В 5 часов 30 минут силами двух пехотных дивизий при поддержке 70 танков, самолетов, большого количества бронетранспортеров с пехотой противник нанес удар по нашему правому соседу — 126-й стрелковой дивизии — и вклинился в его оборону.

Мотопехота немцев вместе с танками непрерывно атакует наши позиции, но всякий раз откатывается, наткнувшись на плотный огонь артиллерии и пехоты.

На огневых позициях 6-й батареи рвутся бомбы, пыль, дым, нечем дышать. Кругом горит сухая трава, огонь подбирается к боеприпасам. Едва затушили очаг пожара, снова налетела немецкая авиация. По ней открыла огонь зенитная батарея, расположенная недалеко от наших позиций. Прямым попаданием бомбы там уничтожено вместе с расчетом зенитное орудие. Остальные продолжают стрельбу по самолетам.

Бой длится уже около 12 часов. Редеют ряды артиллеристов. У Ильи Толчина перебиты ноги. Майор Северский вынес из боя своего рыжеволосого адъютанта и едва успел втиснуть его в последнюю машину, до отказа заполненную ранеными...

Во второй половине дня большая группа вражеских танков и мотопехоты прорвала оборону в полосе 126-й стрелковой дивизии и вышла в тылы нашей. Нарушена связь НП полка со штабом дивизии, с огневыми позициями. Связисты, посланные для ее восстановления, назад не возвращаются.

Фашистские танки прорвались со стороны правого соседа [28] в балку, где расположились огневые позиции батарей полка. Развернув орудия на прямую наводку, артиллеристы отражают их атаку.

По краю кукурузного поля прямо в район наблюдательного пункта командира полка вышли танки и бронетранспортеры с автоматчиками. Майор Северский пытается остановить врага подвижным заградительным огнем, но некоторые танки все же преодолевают огневой заслон и приближаются к НП. В ход пошли гранаты.
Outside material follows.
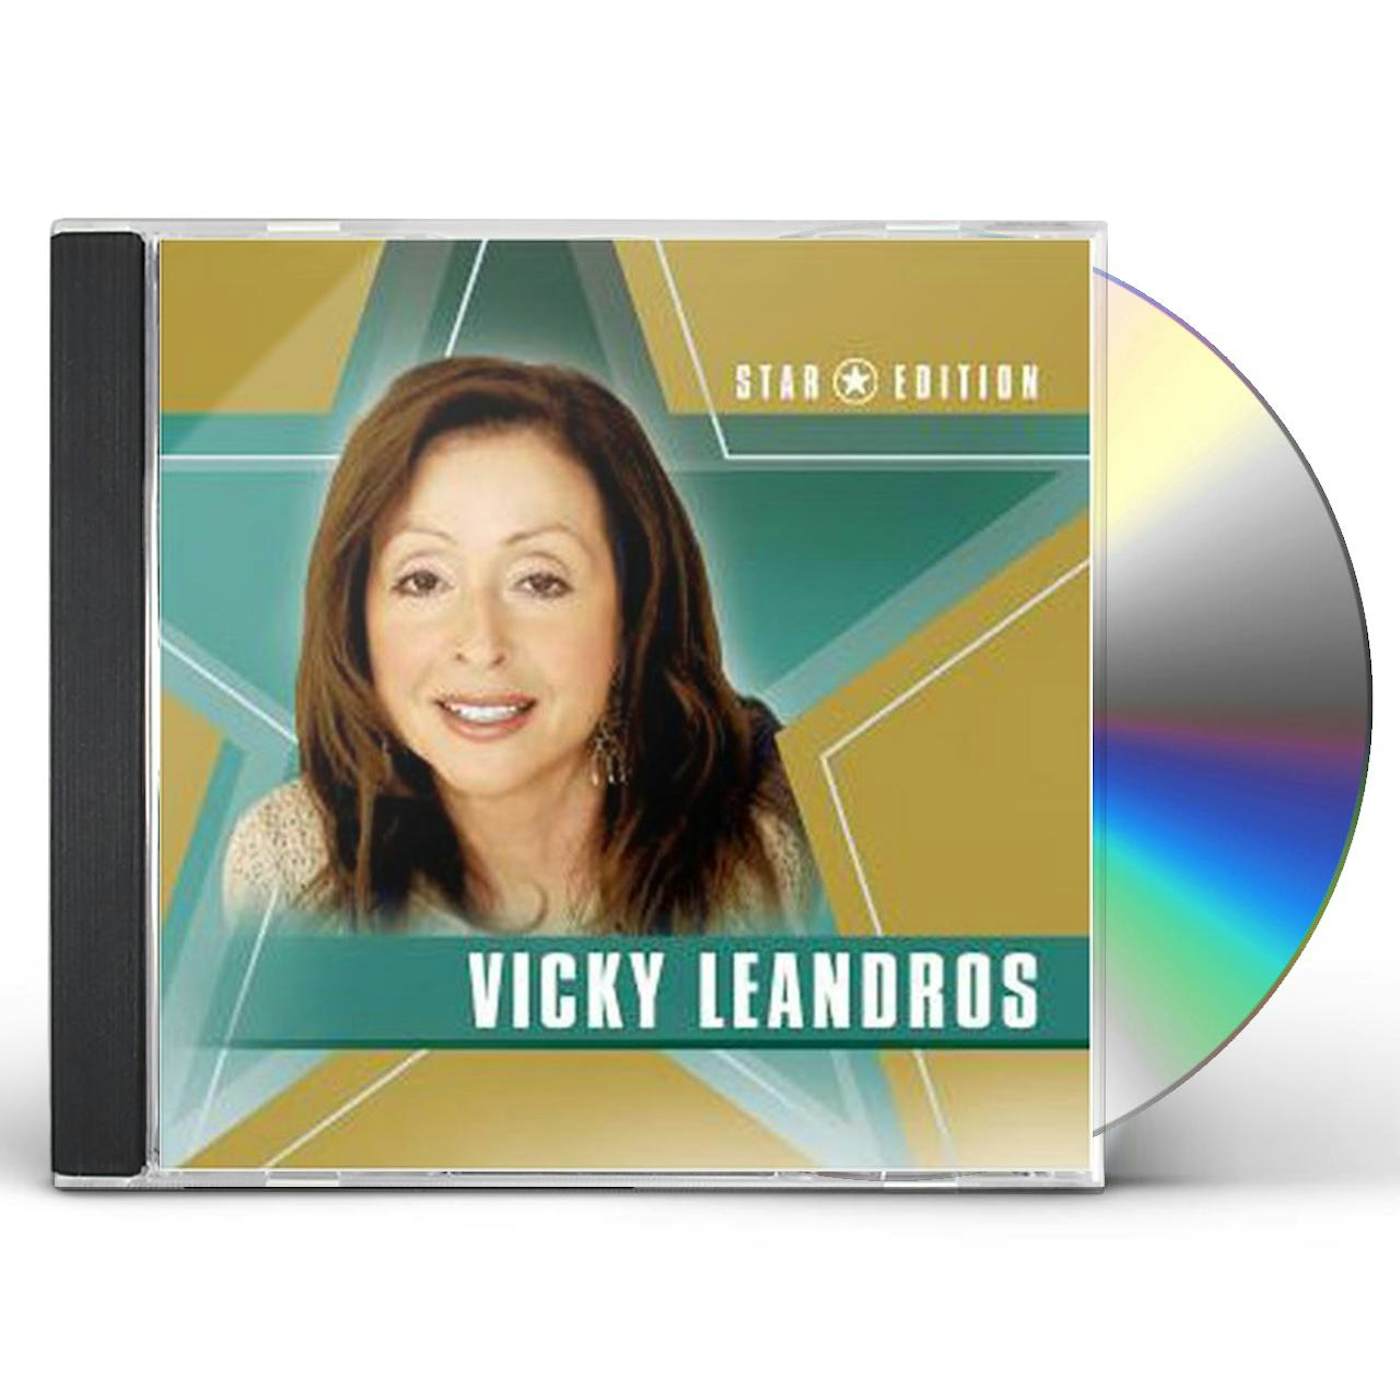 Vicky Leandros STAR EDITION CD

Из автоматов и карабинов разведчики расстреливают немецкую пехоту. Отбив с группой бойцов и командиров эту атаку, командир полка решил перенести свой наблюдательный пункт левее, поближе к 3-му дивизиону. Во время смены наблюдательного пункта командир с комиссаром полка и прибыли на нашу батарею.
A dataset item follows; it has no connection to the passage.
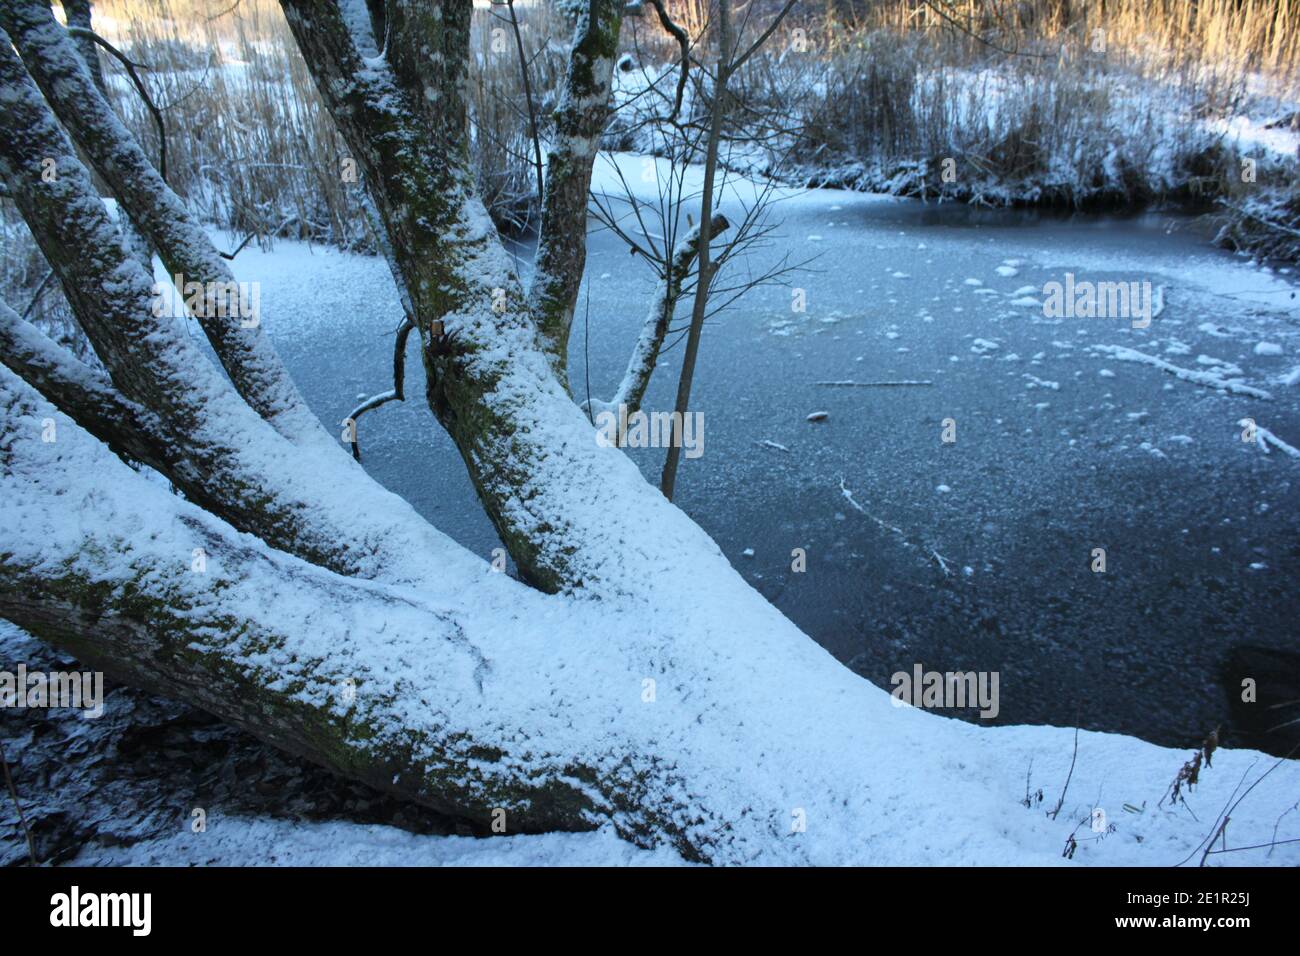 Winter landscapes. Winter walks in public parks, United Kingdom. Snow covered trees and icy lakes, winter parkland. Walking in the woods, winter season. Stock Photo

Их появление на огневых позициях ободрило батарейцев, а похвала командира полка «хорошо воюете, молодцы!» придала новые силы. Майор Северский тут же приказал выдвинуть гаубицы на прямую наводку. Пытаемся подвести к ним трактор, однако налет немецких самолетов не позволяет это сделать. Вдруг справа, примерно в 400 метрах от нас, показалось 19 танков противника. Заметив орудия, они открыли огонь. Одновременно на батарею налетела новая группа самолетов. Северский отдал мне приказ: выводить гаубицы влево, примерно на один-полтора километра, и там поставить батарею на прямую наводку. Подтягиваю под бомбежкой тракторы — один, другой. Кругом сплошной грохот от разрывов бомб и снарядов. С новых позиций открываем огонь. А танки, стреляя на ходу, ползут на батарею. Уже горят две вражеские машины, но разбиты и две наши гаубицы, восемь батарейцев ранено, трое убито. Два орудия продолжают вести огонь. Вокруг батареи рвутся снаряды и бомбы.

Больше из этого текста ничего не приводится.